Question

A university considers giving only pass/fail grades to freshmen to reduce competition and stress. The student newspaper interviews faculty members and reports their opinions of the proposed policy. Suppose that 70% of the faculty favor the pass/fail proposal. Assuming 50 faculty members are interviewed. The goal is to find the probability that a majority (26 or more) will favor the proposal.

Answer 1

0.9983 = 99.83% probability that a majority will favor the proposal.

Explanation:

We use the normal approximation to the binomial to solve this question.

Binomial probability distribution

Probability of exactly x sucesses on n repeated trials, with p probability.

Can be approximated to a normal distribution, using the expected value and the standard deviation.

The expected value of the binomial distribution is:

`E(X) = np`

The standard deviation of the binomial distribution is:

`√(V(X)) = √(np(1-p))`

Normal probability distribution

Problems of normally distributed distributions can be solved using the z-score formula.

In a set with mean
`\mu` and standard deviation
`\sigma`, the zscore of a measure X is given by:

`Z = (X - \mu)/(\sigma)`

The Z-score measures how many standard deviations the measure is from the mean. After finding the Z-score, we look at the z-score table and find the p-value associated with this z-score. This p-value is the probability that the value of the measure is smaller than X, that is, the percentile of X. Subtracting 1 by the pvalue, we get the probability that the value of the measure is greater than X.

When we are approximating a binomial distribution to a normal one, we have that
`\mu = E(X)`,
`\sigma = √(V(X))`.

Suppose that 70% of the faculty favor the pass/fail proposal. Assuming 50 faculty members are interviewed.

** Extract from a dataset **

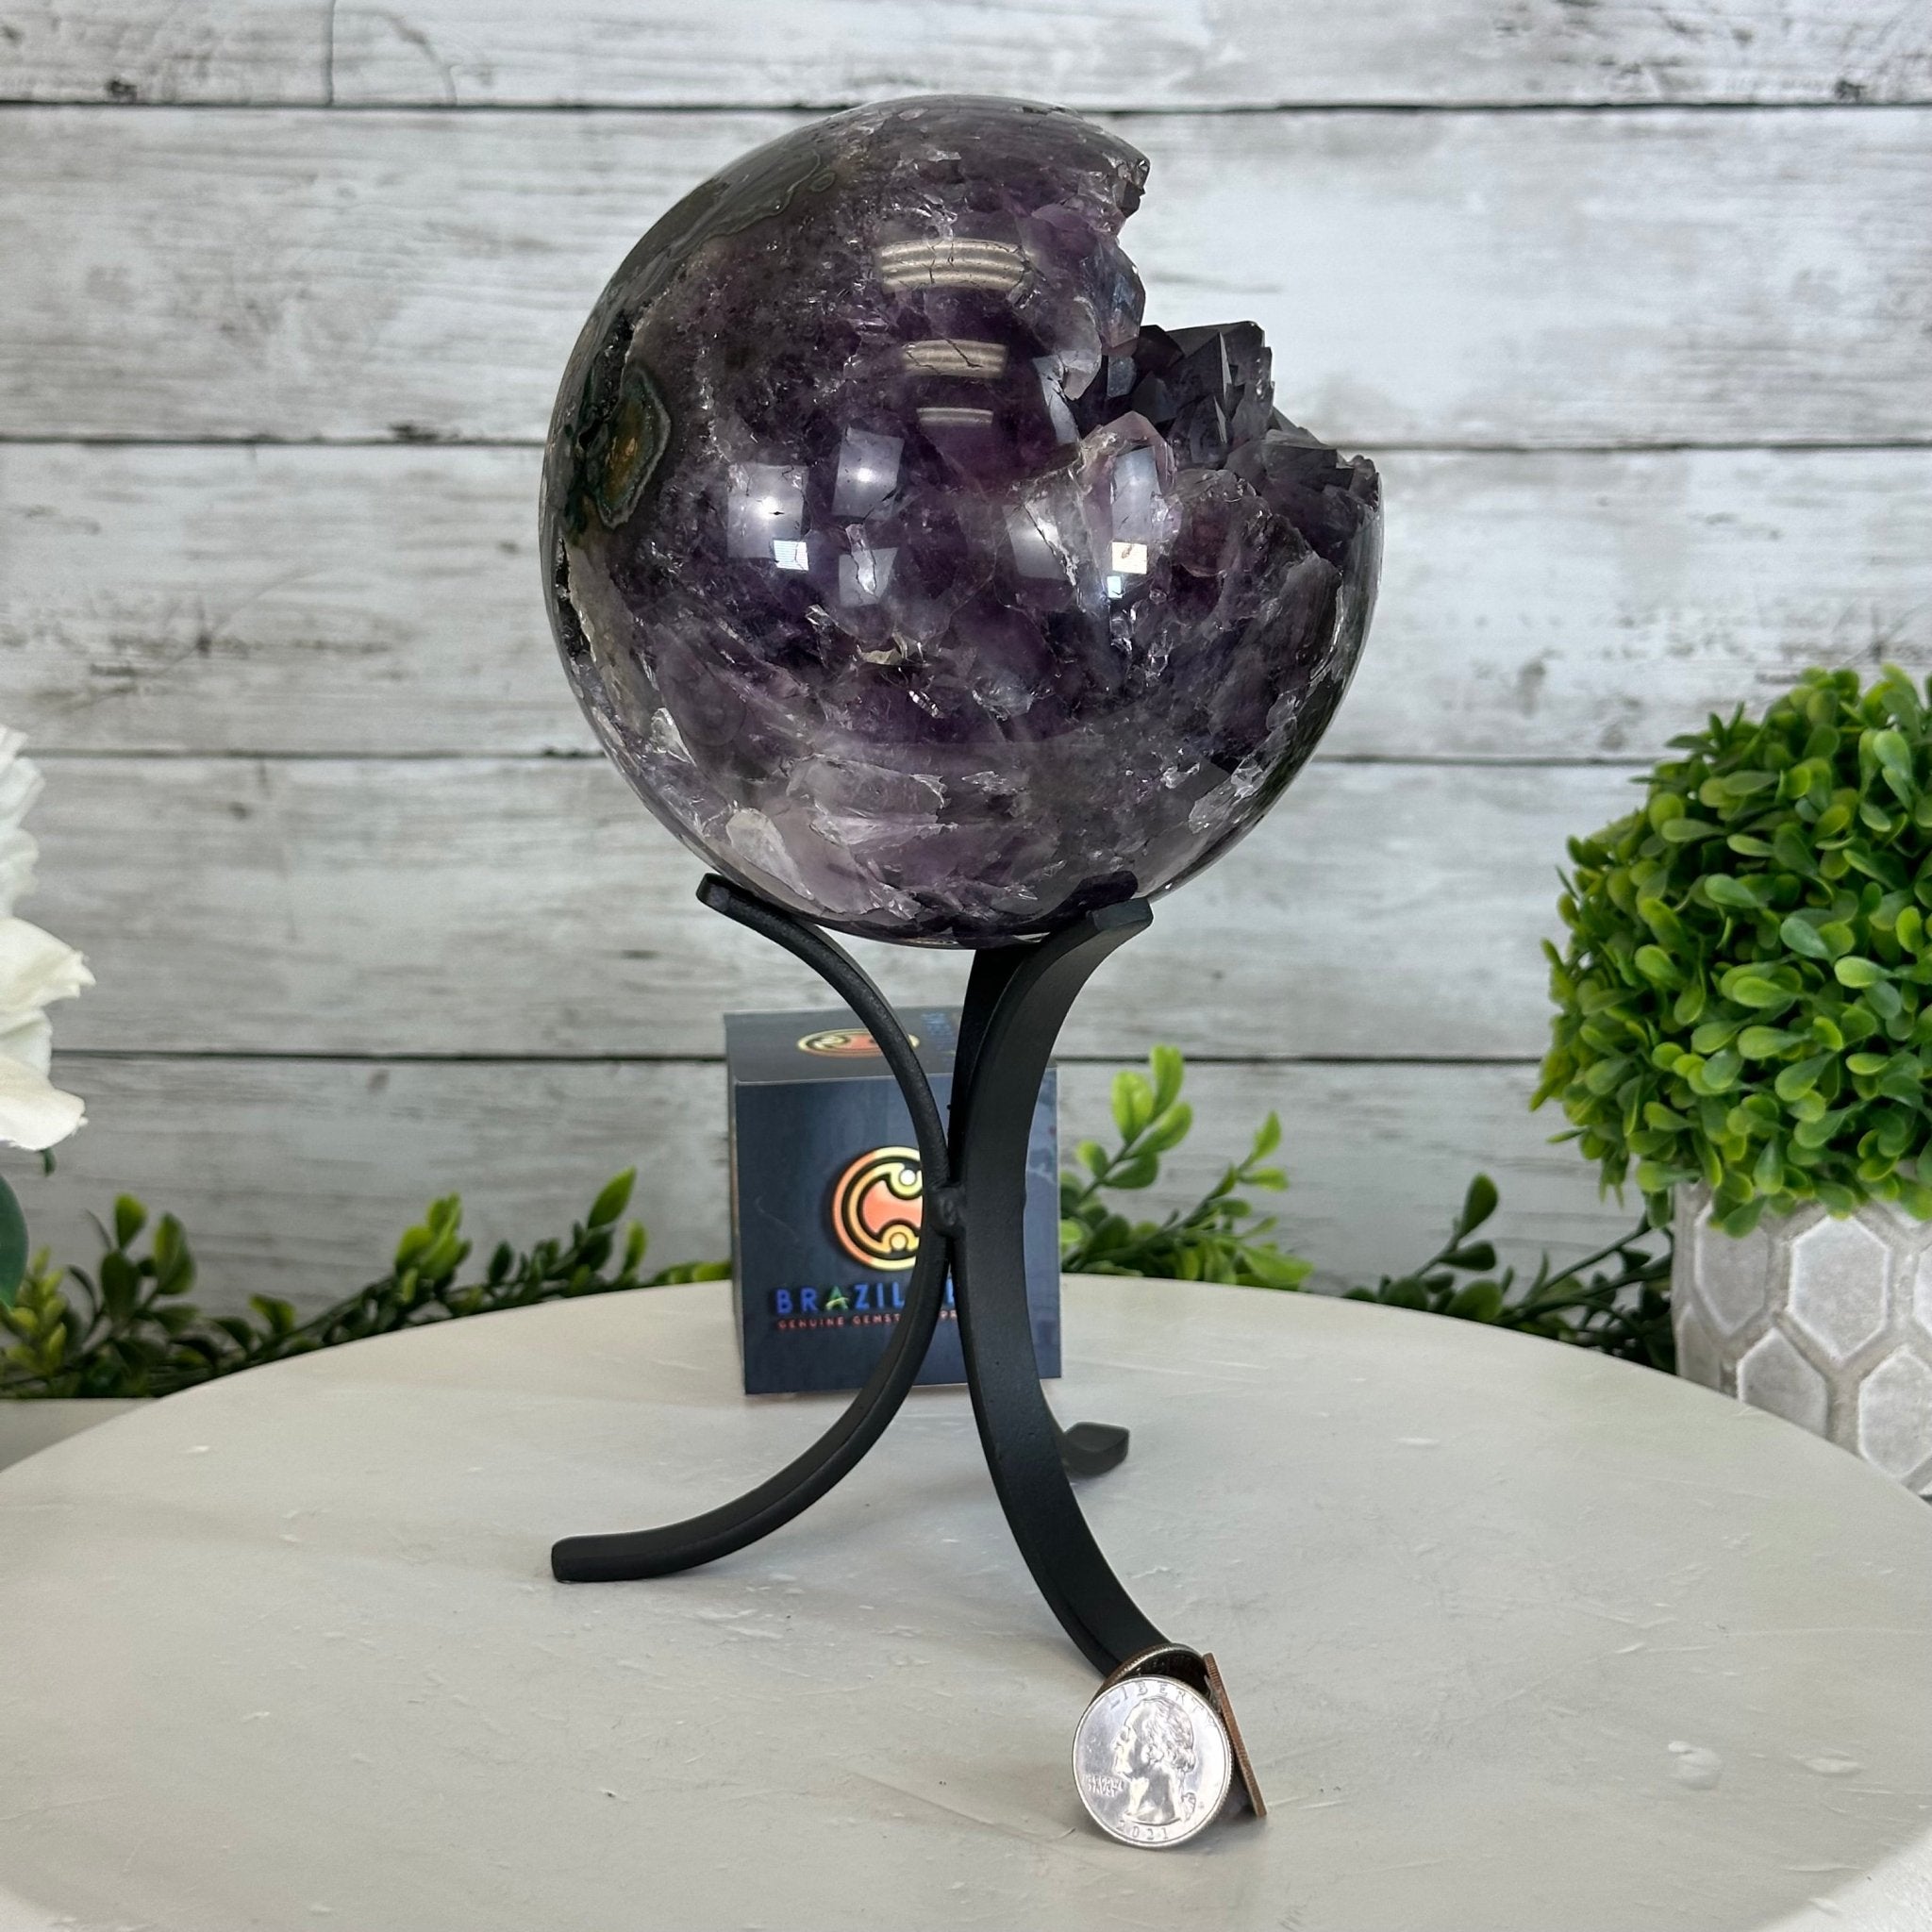 Extra Plus Druzy Amethyst Sphere on a Metal Stand, 6.7 lbs & 9.9" Tall #5630-0067 - Brazil GemsBrazil GemsExtra Plus Druzy Amethyst Sphere on a Metal Stand, 6.7 lbs & 9.9" Tall #5630-0067Spheres5630-0067

This means, respectively, that
`p = 0.7, n = 50`

Mean and standard deviation:

`\mu = E(X) = np = 50*0.7 = 35`

`\sigma = √(V(X)) = √(np(1-p)) = √(50*0.7*0.3) = 3.24`

Probability that a majority (26 or more) will favor the proposal.

Using continuity correction, this is
`P(X \geq 26 - 0.5) = P(X \geq 25.5)`, which is 1 subtracted by the pvalue of Z when X = 25.5. So

`Z = (X - \mu)/(\sigma)`

`Z = (25.5 - 35)/(3.24)`

`Z = -2.93`

`Z = -2.93` has a pvalue of 0.0017

1 - 0.0017 = 0.9983

0.9983 = 99.83% probability that a majority will favor the proposal.